3.3. Electrochemical Characterization and Analysis

Polarization measurement was conducted to determine the generation of MFC at different external resistances (11 MΩ–1 Ω) using an external resistor. The polarization curves were obtained from the corresponding voltage data. The open-circuit voltages (OCVs) of air-cathode MFCs were measured using a voltage meter. The current density (I) was given by: $I=\frac{V_{voltage}}{R_{external}},$ and the power density (P) was calculated by the following relationship: $P=V\times I$, where I and P are normalized to the surface of the catalyst.

3.4. COD Removal Efficiency and Heavy Metals’ Analysis

The chemical oxygen demand (COD) was performed as mentioned in the APHA protocol [46,47], employing a spectrophotometer, Spectroquant Nova 30 (Merck, Germany), and calculated with the following equation:

$$CO{D}_{removal}=\frac{{\left[C\right]}_{initial}-{\left[C\right]}_{final }}{{\left[C\right]}_{initial}}\times 100\%$$

(2)

where [C]_initial = initial COD (mg/L) of the effluent in the anode chamber and [C]_final = COD of the effluent (mg/L) in the anode chamber at the end of the experiment.

Analysis of heavy metals (⁵⁶Fe, ⁵²Cr, ¹¹¹Cd, and ⁶³Cu) in wastewater was performed by ICP-MS Agilent 7500ce (Agilent Technologies, Santa Clara, CA, USA), equipped with an auto-sampler, ASX-510 (Cetac Technologies Inc., Omaha, NE, USA). The pH was determined using a digital pH meter (Crison Instruments, Barcelona, Spain) calibrated before each measurement. The wastewater-treated samples had a COD of about 471 ± 3 mg/L and a pH of about 7.24 ± 0.2.

4. Conclusions

Performances of Mg-modified LiNb_1−xTa_xO₃ (x = 0.8) as a cathode component in a single-chamber microbial fuel cell, using wastewater feedstock, were evaluated under sunlight irradiation and without a light source. The MFC efficiency was investigated in terms of electricity production and wastewater purification. The results obtained with the Li_0.95Ta_0.76Nb_0.19Mg_0.15O₃ (LTNMg) ferroelectric cathode ceramic in the MFC device process showed a high COD removal of ~96% after a working time of 168 h, allowing the biofuel cells to produce a maximum power density of 228 mW m⁻². LTNMg performed much better under irradiation, reaching a maximum voltage of 470 mV in an open circuit. The structural and optoelectronic properties of the LTNMg ceramic promoted the cathodic efficiency during the MFC operation. The high performance of the MFC device was attributed to the photocatalytic effect of Li_0.95Ta_0.76Nb_0.19Mg_0.15O₃, which improved the process of the cathodic electron transfer inside the MFC device.

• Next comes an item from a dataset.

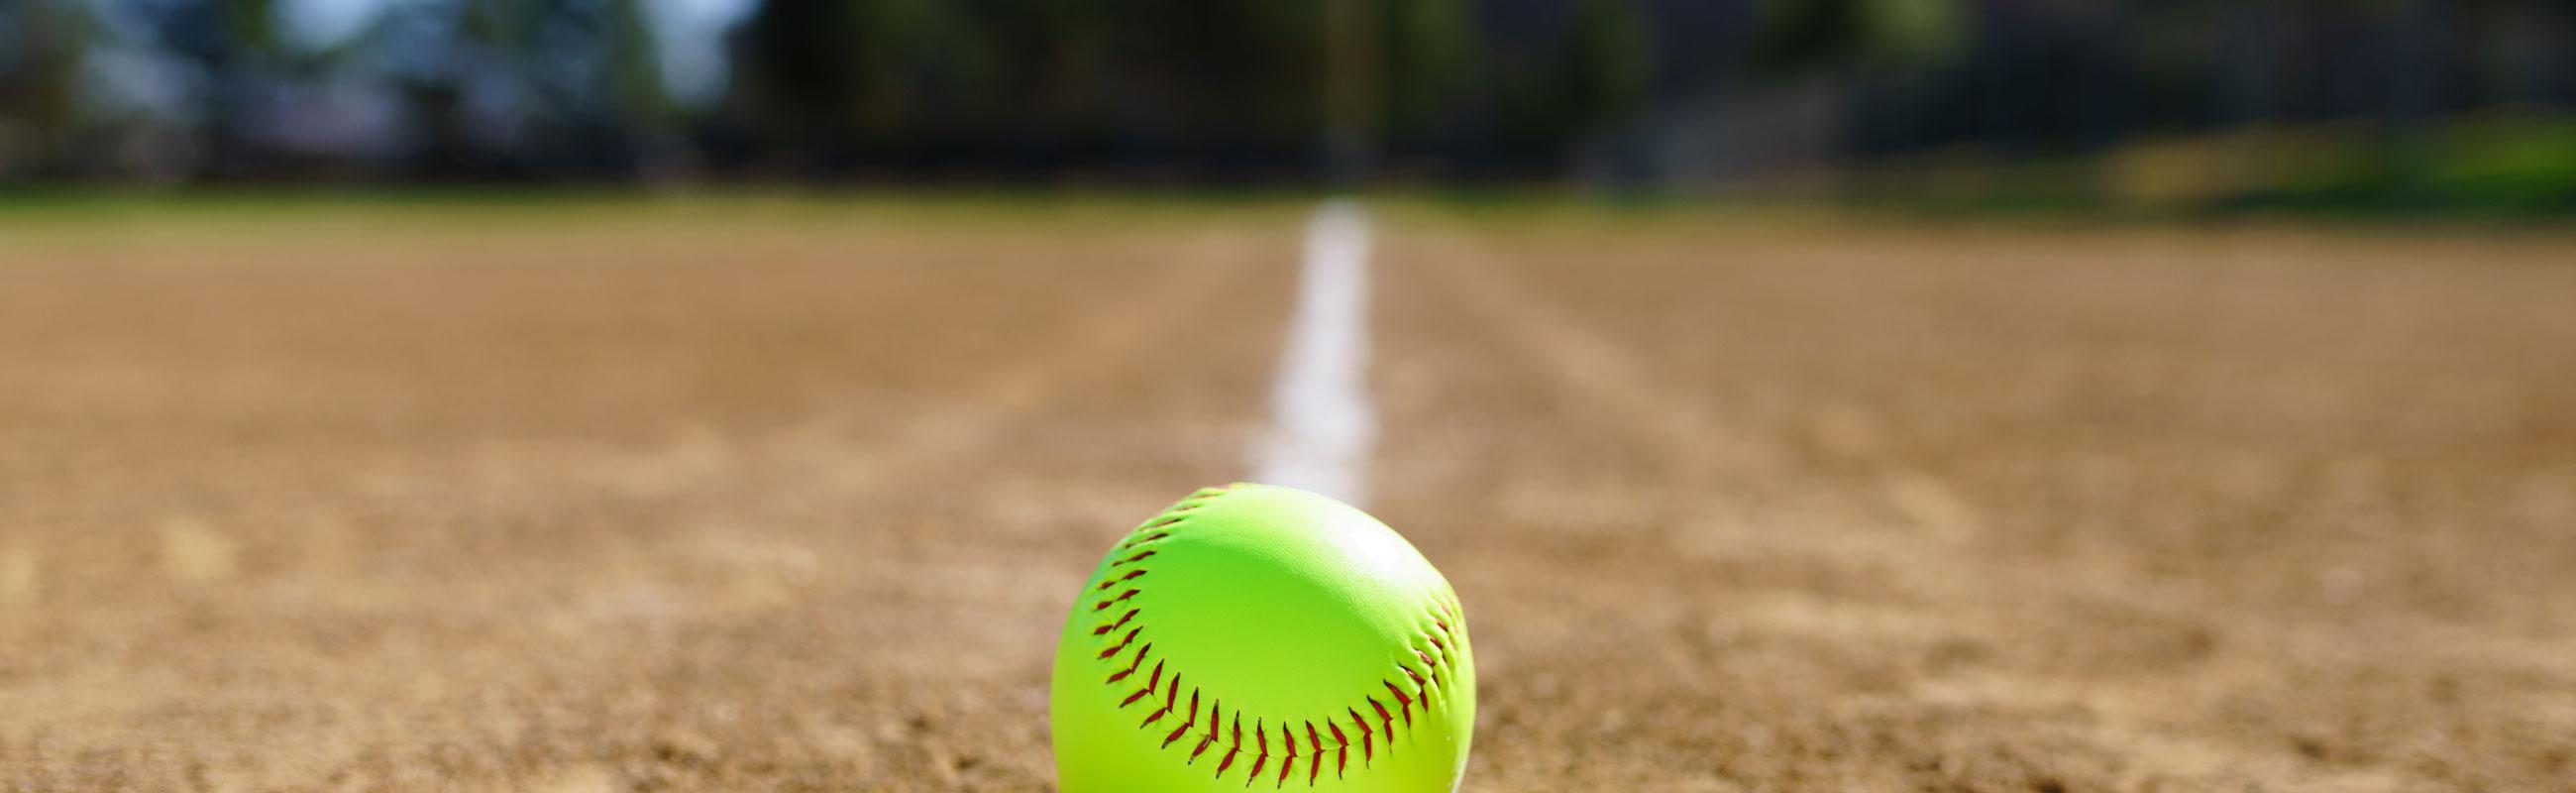 softball on the field

The wastewater purification effectiveness was checked in terms of heavy metals’ removal, particularly for ⁶³Cu, ¹¹¹Cd, ⁵⁶Fe, and ⁵²Cr. The highest removal percentage was around 96% for ⁶³Cu, with the lowest efficiency being 17% for ¹¹¹Cd.

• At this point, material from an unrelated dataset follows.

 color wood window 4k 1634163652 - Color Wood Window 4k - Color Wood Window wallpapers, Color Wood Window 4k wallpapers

In conclusion, Li_0.95Ta_0.76Nb_0.19Mg_0.15O₃ showed remarkable electro- and photo-catalytic performance in the MFC bifunctional process, producing a high wastewater purification and efficient electric production under visible light. This ceramic appears to be a promising alternative cathode component in a new generation of MFC devices.